The Senate, in a strong bipartisan showing, approved the Peruvian Trade Promotion Agreement Tuesday by a 77-18 vote. President George Bush voiced his approval at a press conference.
"This agreement will level the playing field for American goods and services, it will create new opportunities for investment and it will strengthen our friendship with a fellow democracy," Bush said.
The Peruvian FTA will immediately eliminate duties on 80% of U.S. goods exported to Peru, with a phase out of remaining duties.

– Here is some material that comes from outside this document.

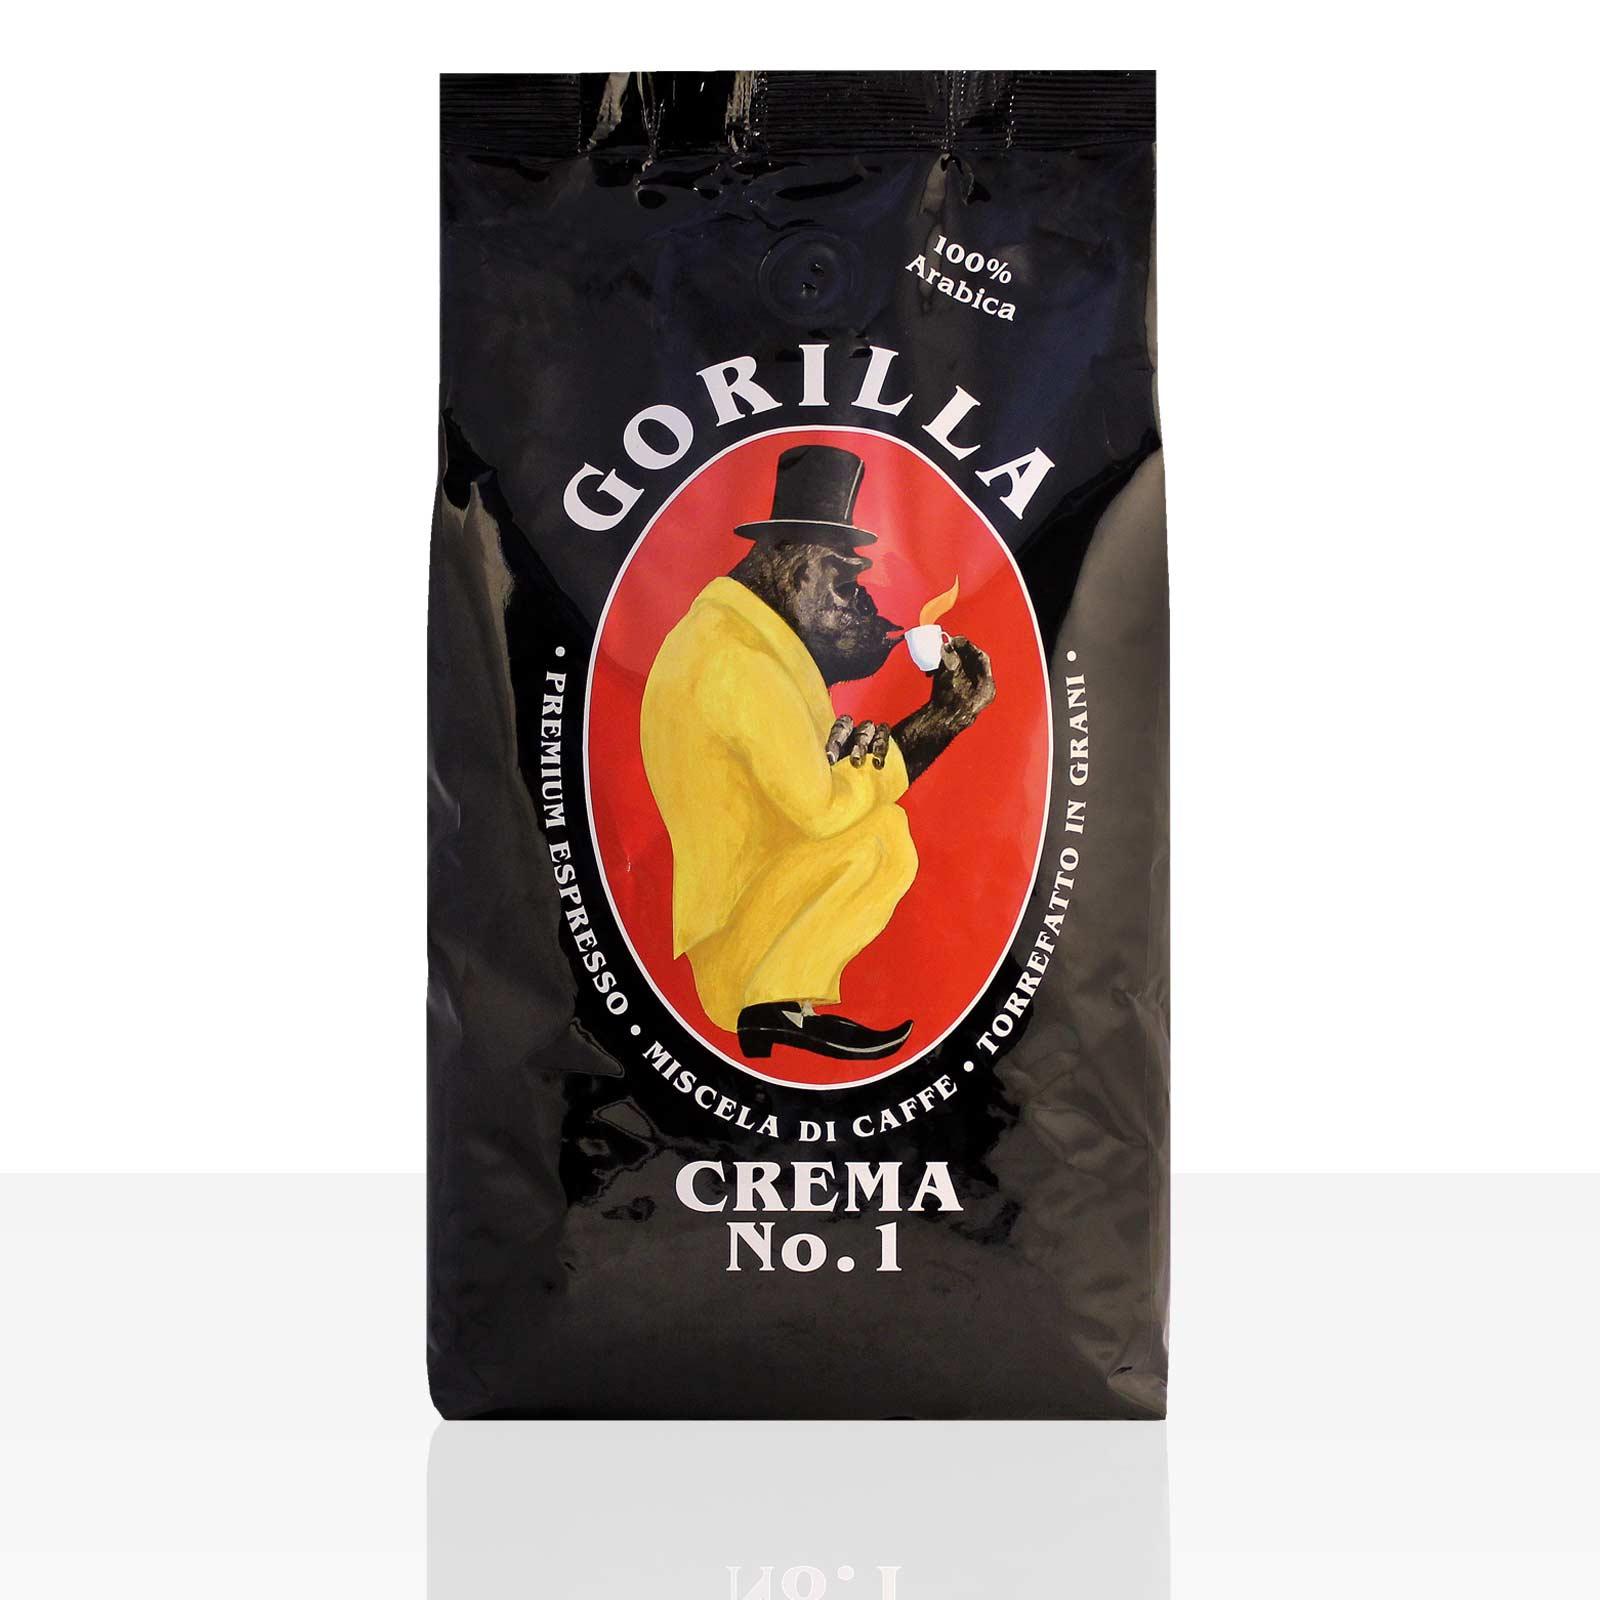 Gorilla Espresso Crema N° 1 Kaffee 1kg ganze Bohne, 100% Arabica

According the American Farm Bureau Federation, once this agreement is fully implemented, it will increase U.S. agricultural trade by more than $705 million per year.
AFBF, the National Cattlemen's Beef Association, the National Pork Producers Council, and the National Association of Wheat Growers all issued statements supporting passage of the legislation, but they also called on Congress to move forward on other pending trade agreements with Colombia, Panama and South Korea. Acting Secretary of Agriculture Chuck Conner echoed those sentiments.
"It is important for Congress to continue the process of eliminating restrictive tariffs on U.S. exports and allowing the strengths of American agriculture to shine through by moving forward with the Colombia, Panama and Korea trade agreements," Conner said.
Although most groups voiced approval of the Senate's action, not everyone is happy about it. R-Calf urged Senators not to vote for the trade agreement, and the Western Organization of Resource Councils expressed their dissatisfaction with Tuesday's vote.
"The vote on the Peru trade agreement is disappointing," said Karen Englehart, a rancher from Bison, S.D. and Co-chair of WORC’s Trade Team. "We wonder where our Senators’ loyalty lies – with the citizens who put them in office or with the corporate interests that use these trade agreements to further their bottom line."